4. In Paragraph 5.13, the object and intent of the Act has been explained by this Court while referring to the provisions of Restoration, it has been noted in Paragraph 5.11 as under:-
"5.11 Thus, the provisions of the Code are applicable to govern the procedure in a Motor Accident Claim case as provided under Rule 229 of the Gujarat Motor Vehicles Rules, 1989. There is no separate Procedural Law, made applicable to conduct the Motor Accident Claim petitions. Therefore, application for restoration, made under Order 9, Rule 4, in the instant case, is absolute, legal and sustainable, and therefore, the revision, arisen out of such order, passed below such application, is also undoubtedly maintainable.
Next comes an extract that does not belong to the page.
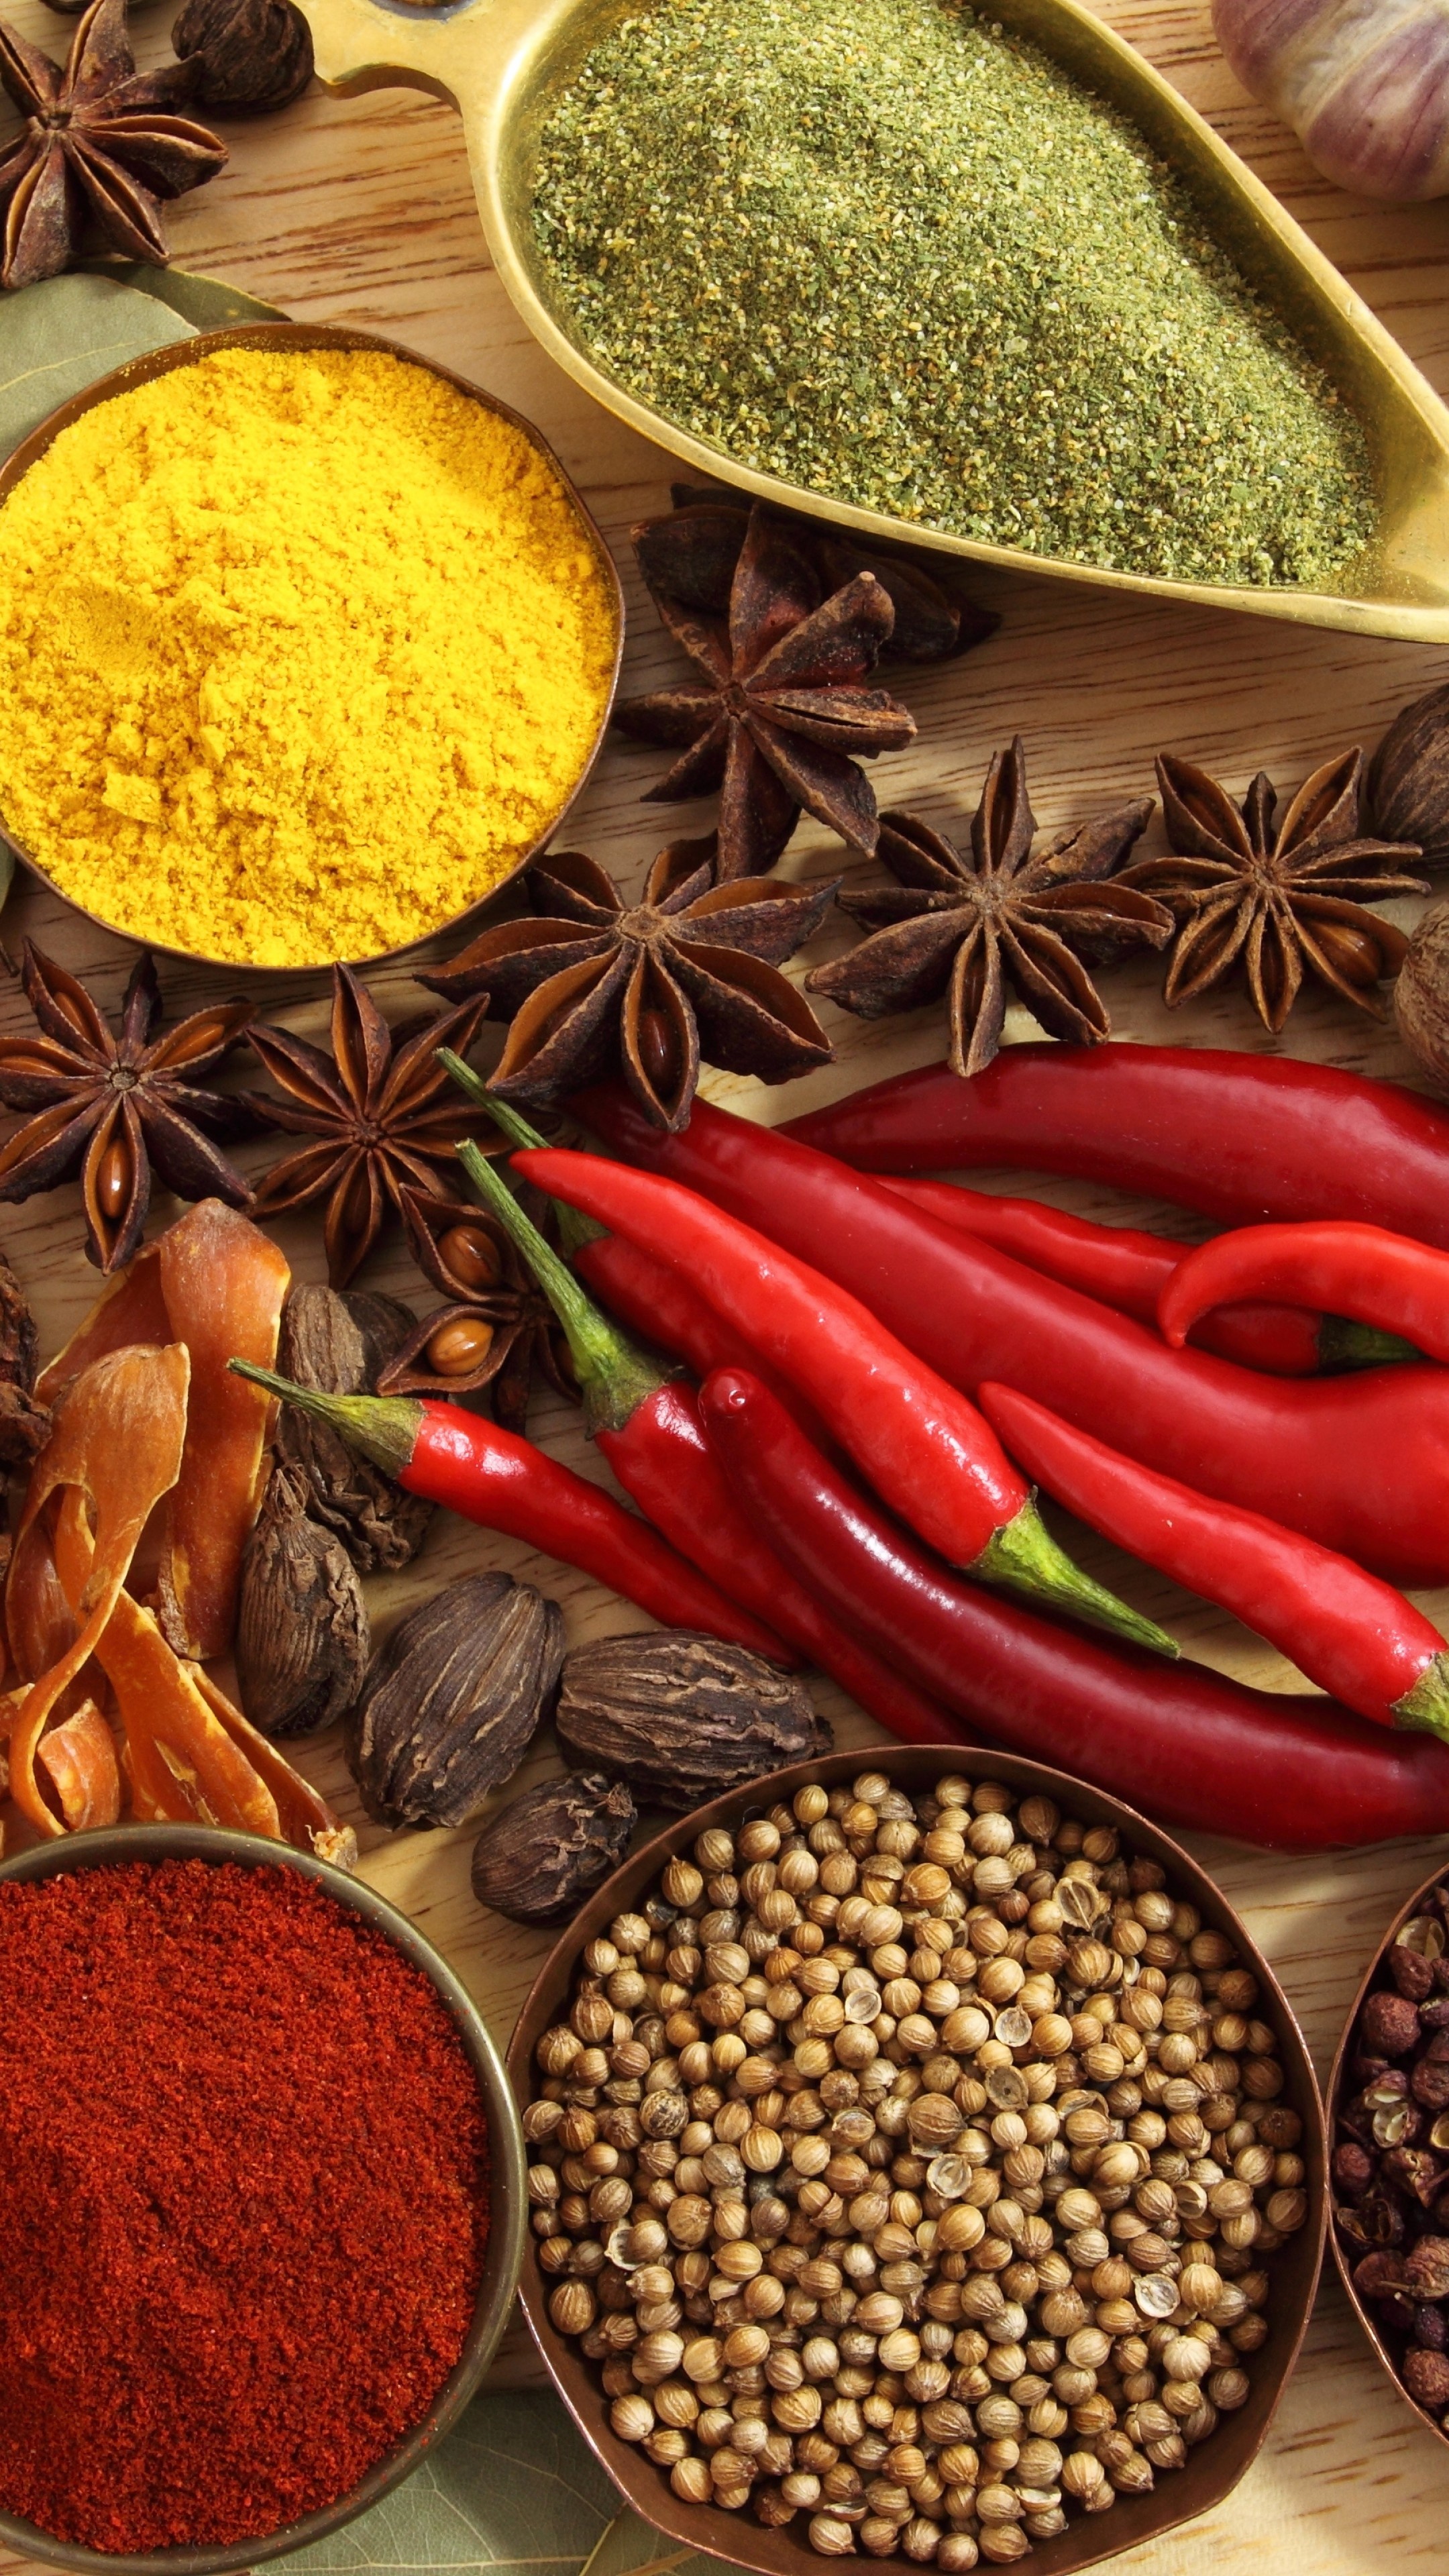 Aromatic spices, Pepper varieties, Spice rack essentials, Flavorful additions, 2160x3840 4K Phone

5. The Tribunal has failed to take into consideration the object of the benevolent Act. In the case of Bharatbhai Narsinghbhai Chaudhary (supra), the wide power of restoring the matters upon dismissal has been noted in the following terms:-
"5.7 The Code confers discretion on the Court in the matter of passing such order. Under Rule 3, therefore, even if, neither party appears when the suit is called for hearing, it is not compulsory for the Court to dismiss the suit. The Court may adjourned the suit. In the event of dismissal of suit, it is open to the plaintiff to apply for restoration of the suit and the Court may set aside the order of dismissal and restore the suit. An order dismissing a suit for default of appearance of parties is not a "decree"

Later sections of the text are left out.